A Benefits Realisation Plan should be prepared for each unit of implementation. The plan conforms to the usual work package supports project supports programme hierarchy.
It feeds into the PRINCE2 Project Initiation Document (PID).
Benefits Realisation Plan
A benefits realisation plan is a single entity consisting of four inter-dependent components:
- Goals & Benefits
- Implementation Plan
- Benefits Measurement Plan
- Stakeholder Management Plan
These are described in detail in section 5 BM Products below.
Get the Benefits
Any plan is worthless until it’s executed successfully. The Benefits Realisation Plan needs a series of project performance reports to show how work is progressing to plan, like any other project. Prince 2 or a similar project methodology will provide a suitable reporting mechanism.
Benefits Management requires additional management and reporting to prove that programme / project activity is on track to deliver the expected benefits and to supply information on which to base decisions to change the plan if necessary.
Benefits work package owners will report back via project highlight reports to the project’s Senior Responsible Owner. These reports will show early benefits being delivered if possible. More likely, they will show the progress made on the features and changes being delivered that will enable future benefits to be realised.
Owners will ensure that actual benefits are tracked against targets and that the impact of change on benefits is controlled.
Look for Further Benefits
Remember that Benefits Management is an iterative process.
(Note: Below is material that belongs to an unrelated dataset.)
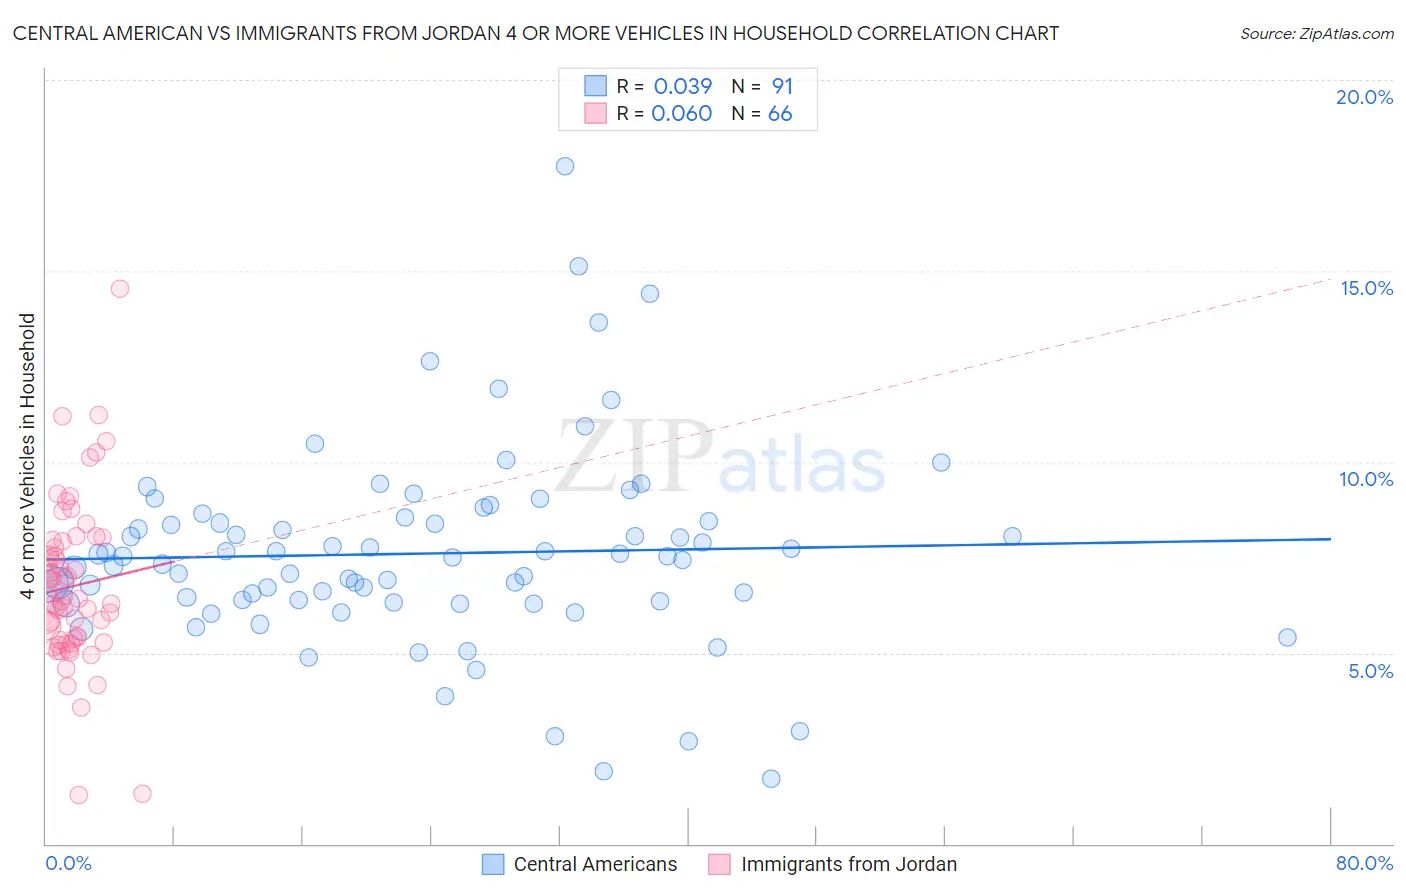 Central American vs Immigrants from Jordan 4 or more Vehicles in Household
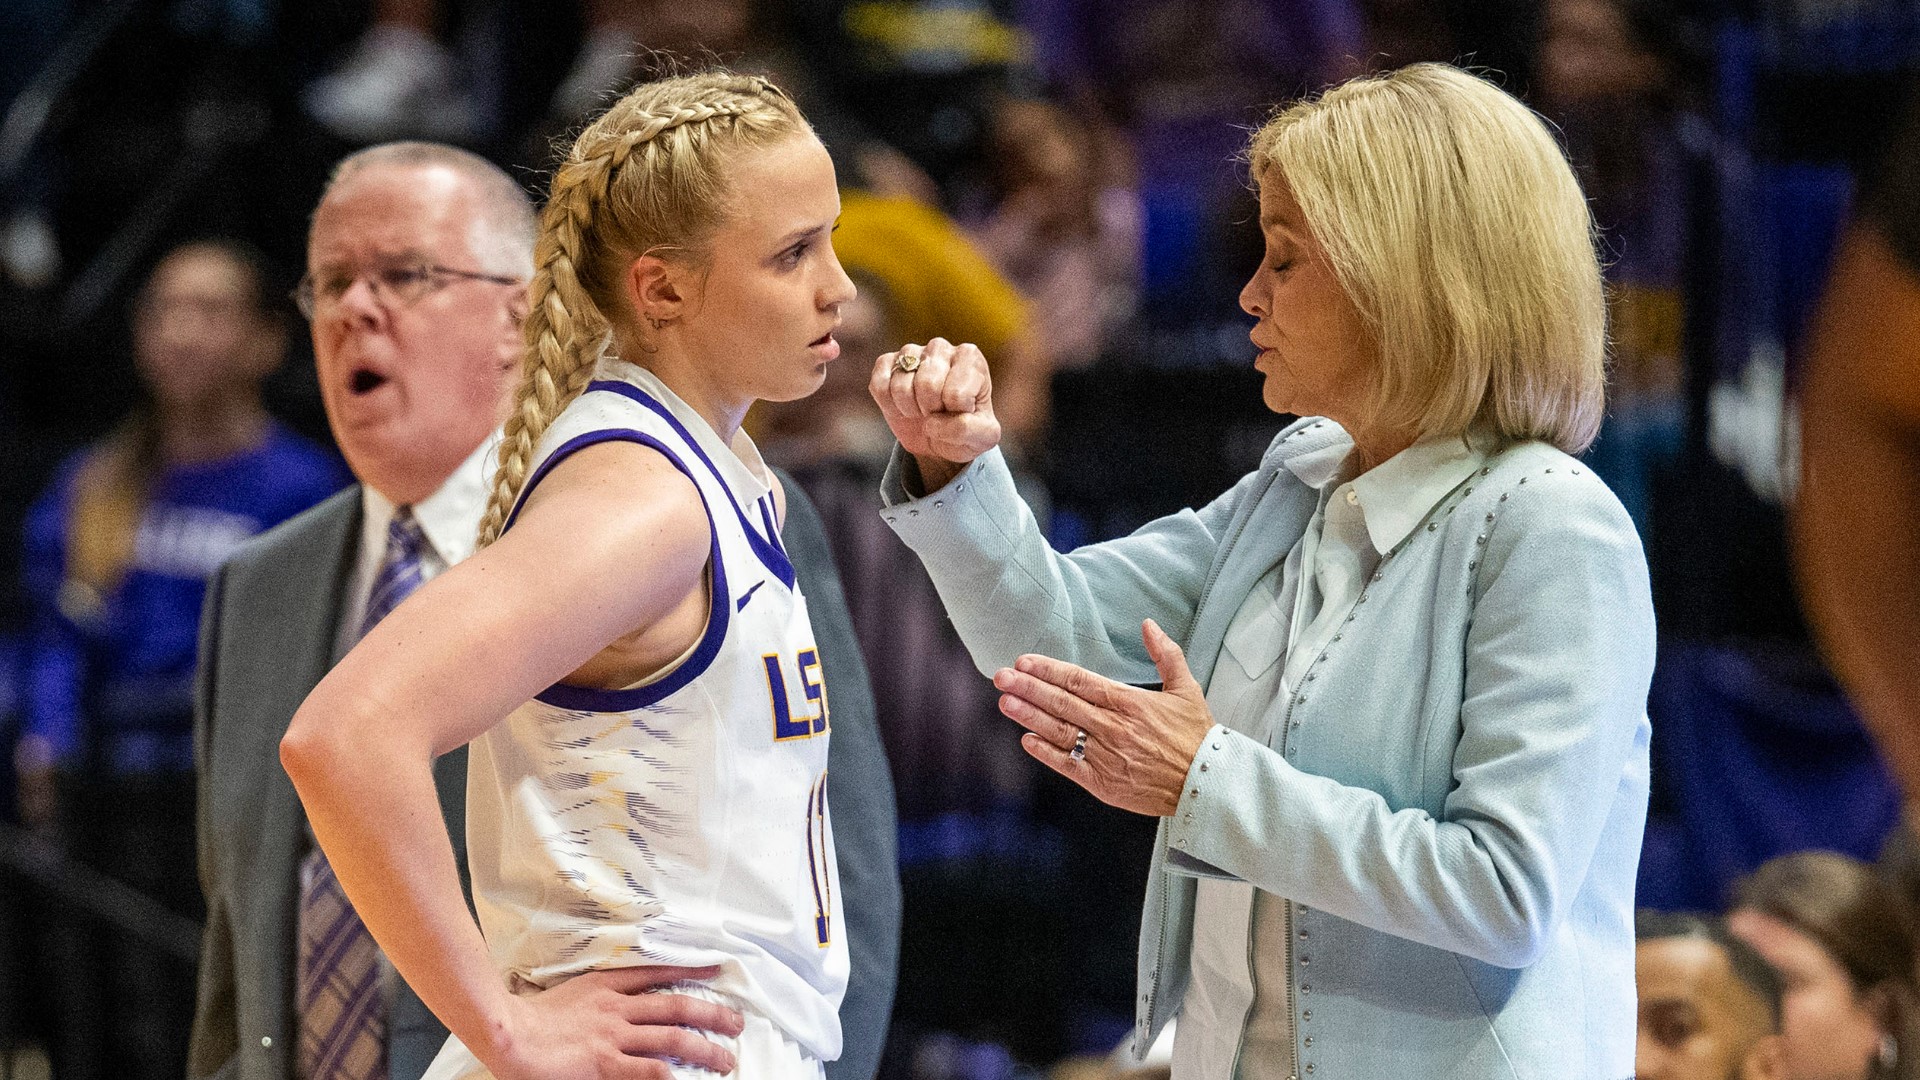 LSU guard Hailey Van Lith said calling them dirty debutantes has nothing to do with sports.

See what is being delivered, review and adapt as circumstances dictate. Look to improve on what has gone before.
A benefits orientated post project review should be performed after a suitable bedding-in period of live service. The review will report on the actually delivered benefits compared with the proposed benefits in the realisation plan. What was the difference between forecast and delivered? What were the reasons behind this difference? The aim of the review is to identify potential new benefits from:
- Improving the newly implemented processes
- Triggering brand new projects and programmes
Questions that should be asked include:
- What effects have we now got, relative to the previous situation?
- Are we getting the benefits?
- What further benefits can we now get?
- What further actions are necessary to get the potential benefits?
The output from the review is a report on potential future benefits to be used as input to the next round of benefits identification.